私の絵本体験記

「絵本フォーラム」120号(2018年09.10)より

「ももたろう」

高田 美希 (東京都杉並区)

たかだ みき わが家の長男が三歳の頃、半年程続くももたろうブームがありました。毎日のように絵本を読んですっかりお話を覚えてしまうと、次はももたろうごっこが始まりました。ちょうど体も思うように動かせるようになってきた頃。そして、かっこいいヒーローへの憧れ!そんな時期と重なって、ももたろうはとても魅力的だったようです。  

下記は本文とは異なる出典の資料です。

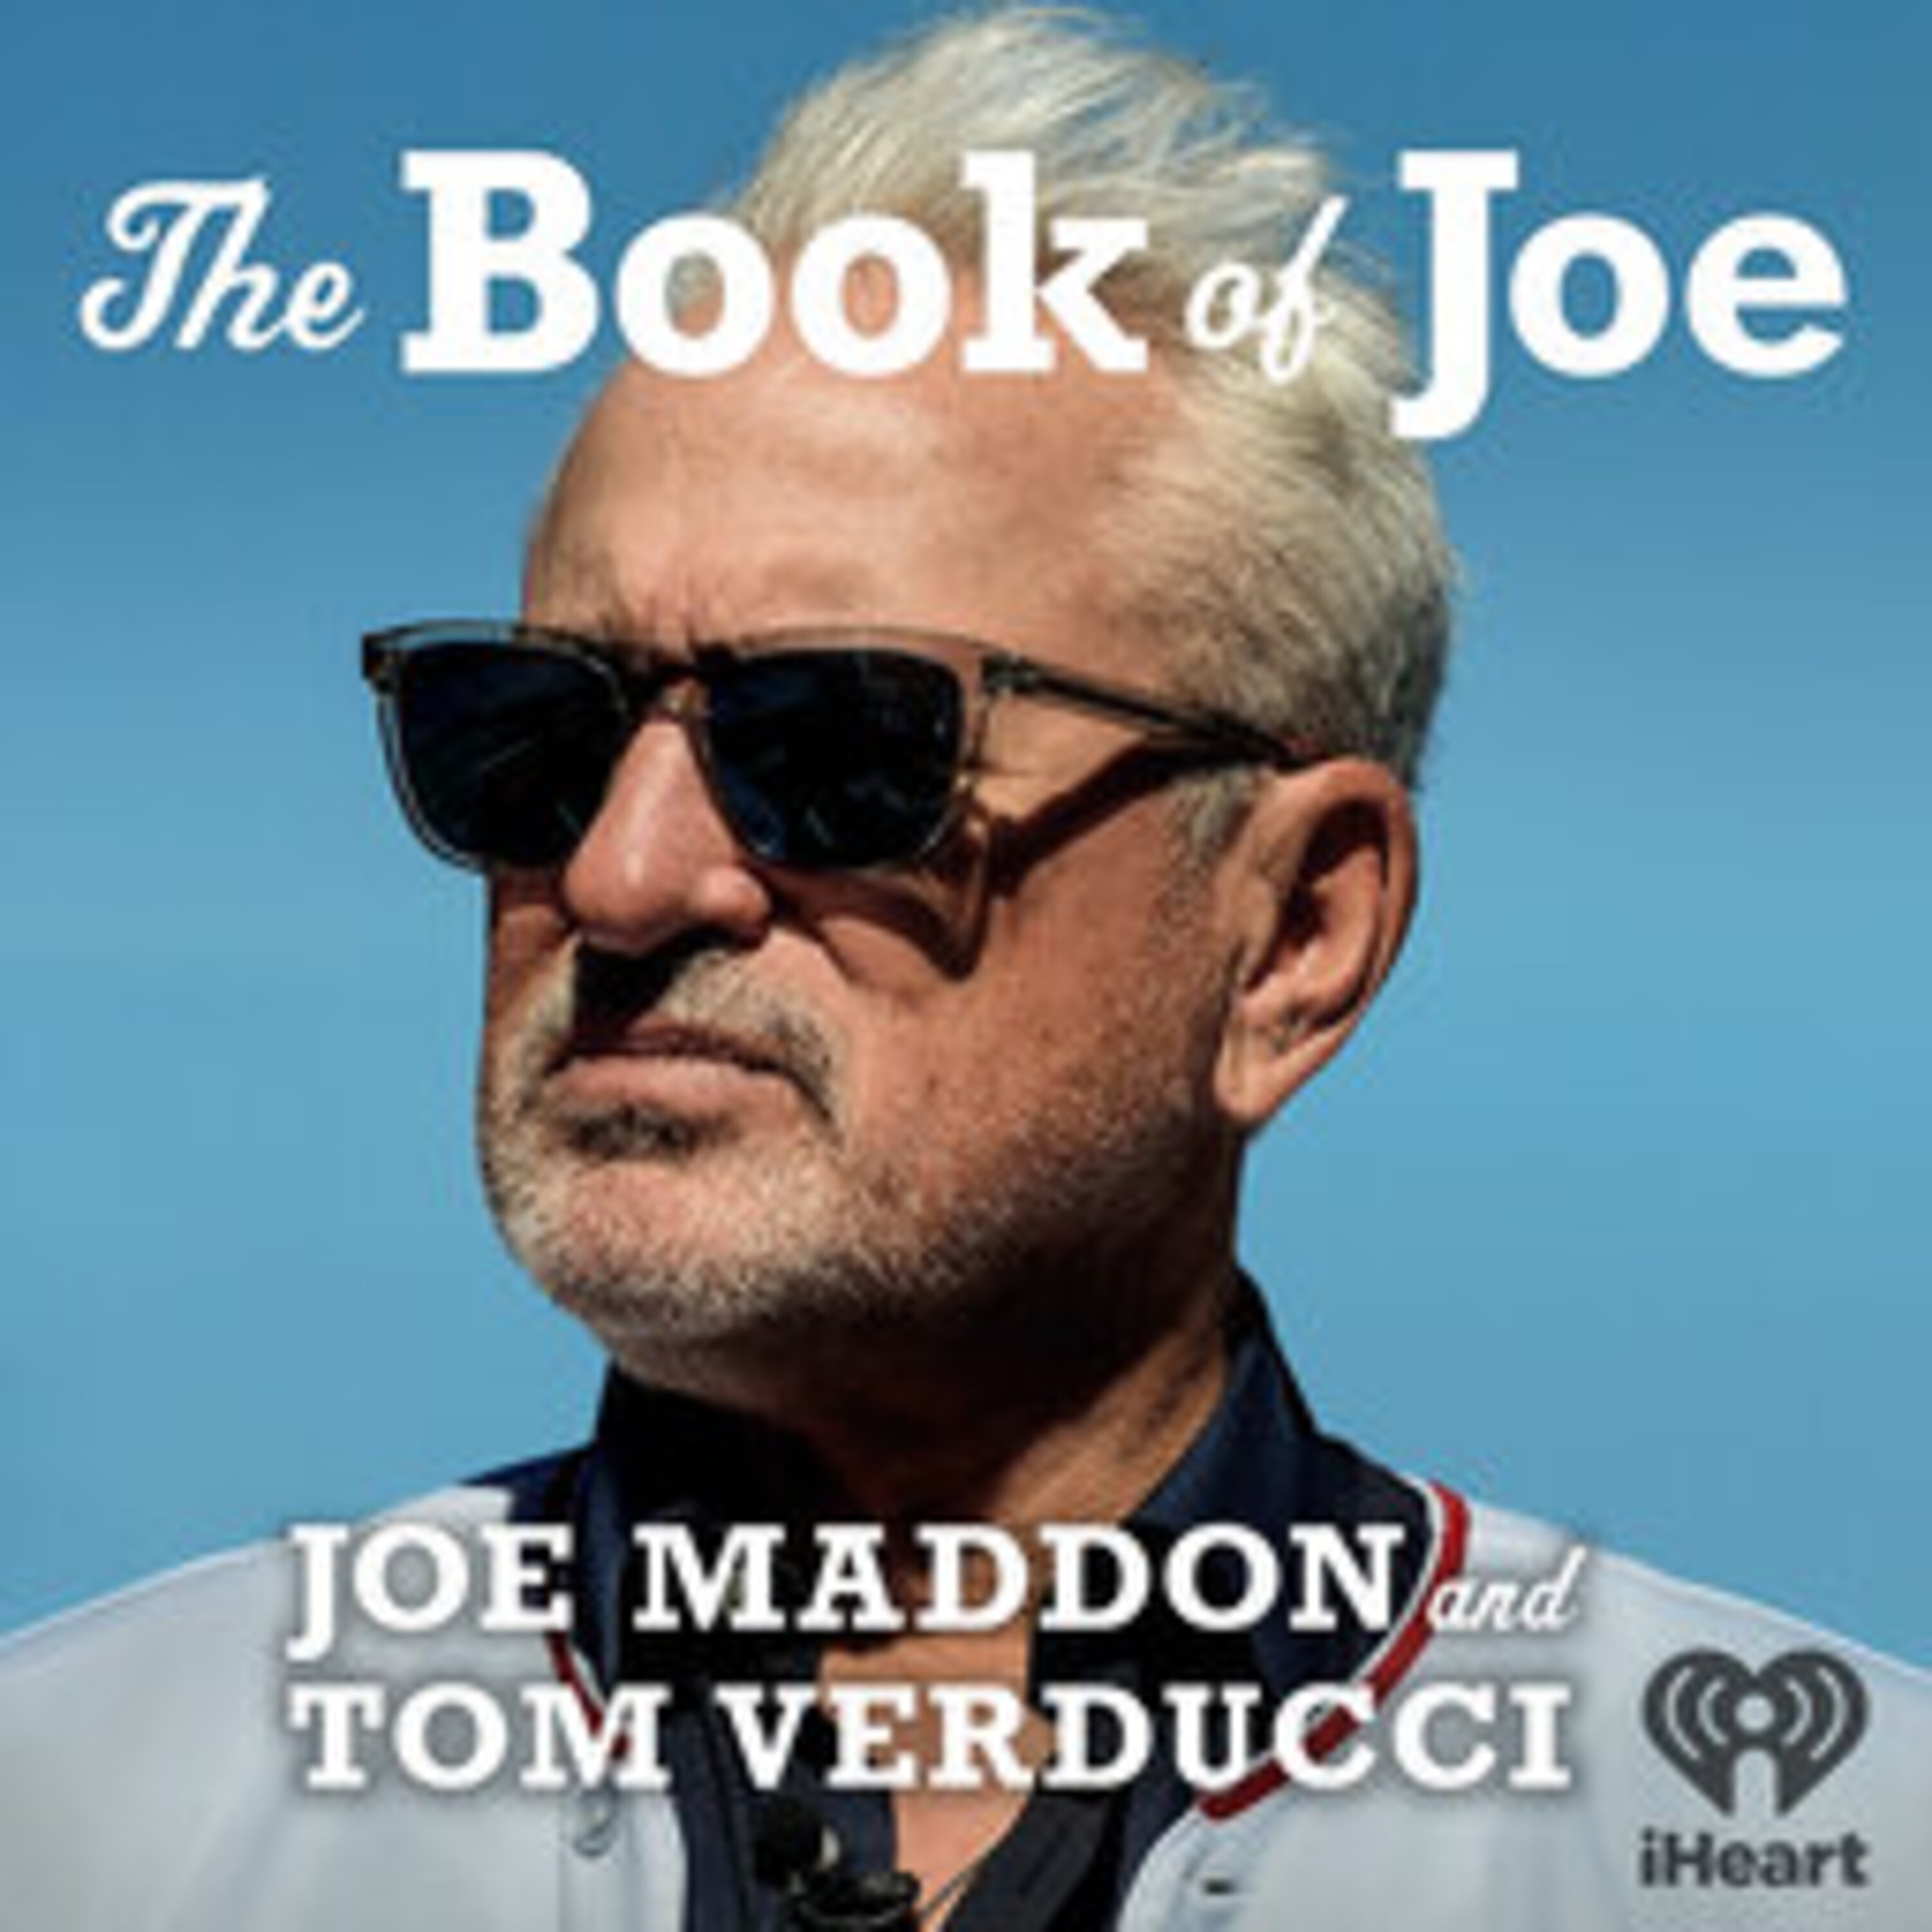 The Book of Joe: Umpires and The Allman Brothers
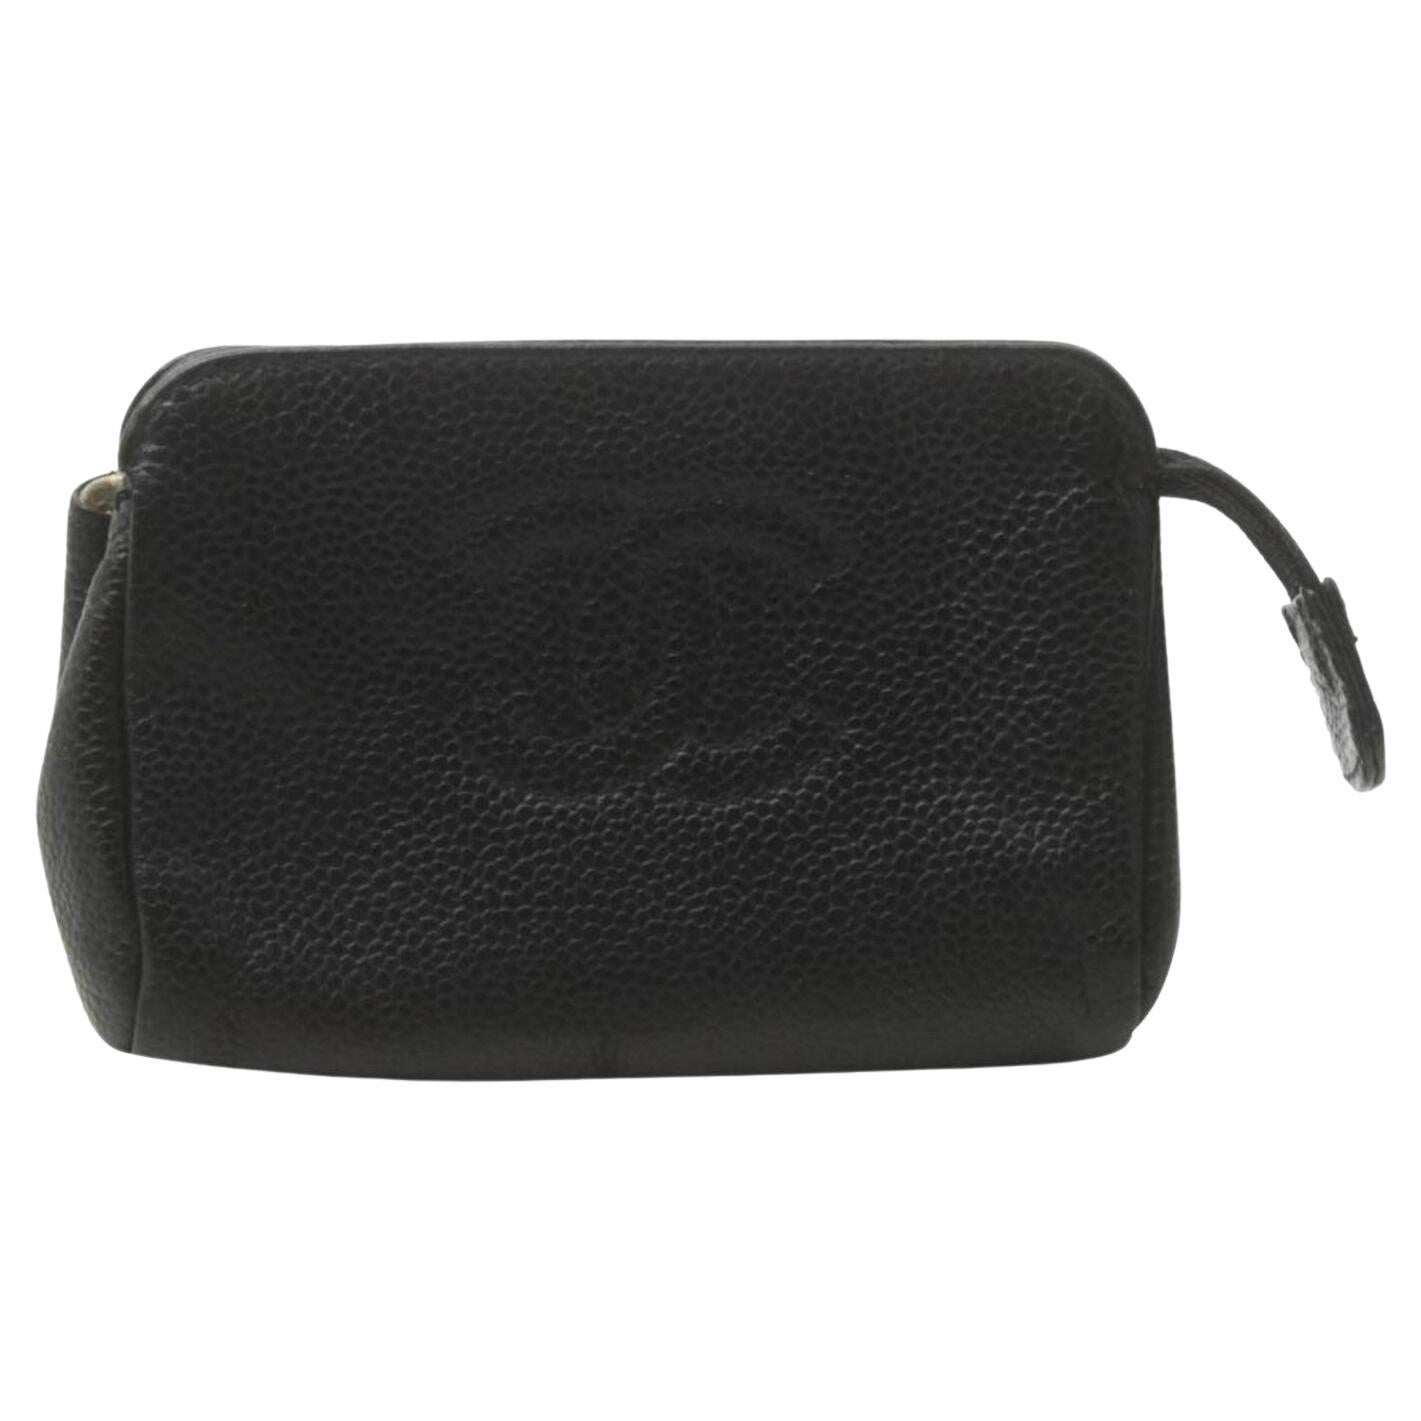 Discover more than 93 chanel cosmetic makeup bag latest - esthdonghoadian

 私がおばあさん役になり「川で洗濯をしましょ」というと「どんぶらこ~どんぶらこ~」と桃になった長男がやってきます。おじいさんのように「おいしそうなももじゃ、きってみよう」というと、「おぎゃーおぎゃー」と長男が顔をあげ、手を伸ばし桃からうまれます。鬼退治に行くくだりになると当時一歳の次男も参戦!「じゃあ桃次郎だね」と長男と笑いました。「では、おじいさんおばあさん、いってきます」という長男にわざと大げさに「いかないでおくれ~」と言ってみると、「いや! どうしても鬼をやっつけるんだ!」ときっぱり言われた時は、我が子ながら逞しさを感じました。また、何度もやるうちに、お供が犬や猿から恐竜になったり、ロボットになったり!!

  お話の世界で体と心を自由に使い遊ぶ姿を見ると、あぁ、このお話がすっかりこの子のものになったんだなぁと感じました。ももたろうごっこで演じた勇気や楽しさや優しさが、心の中に染み込んでいってくれるといいなと願っています。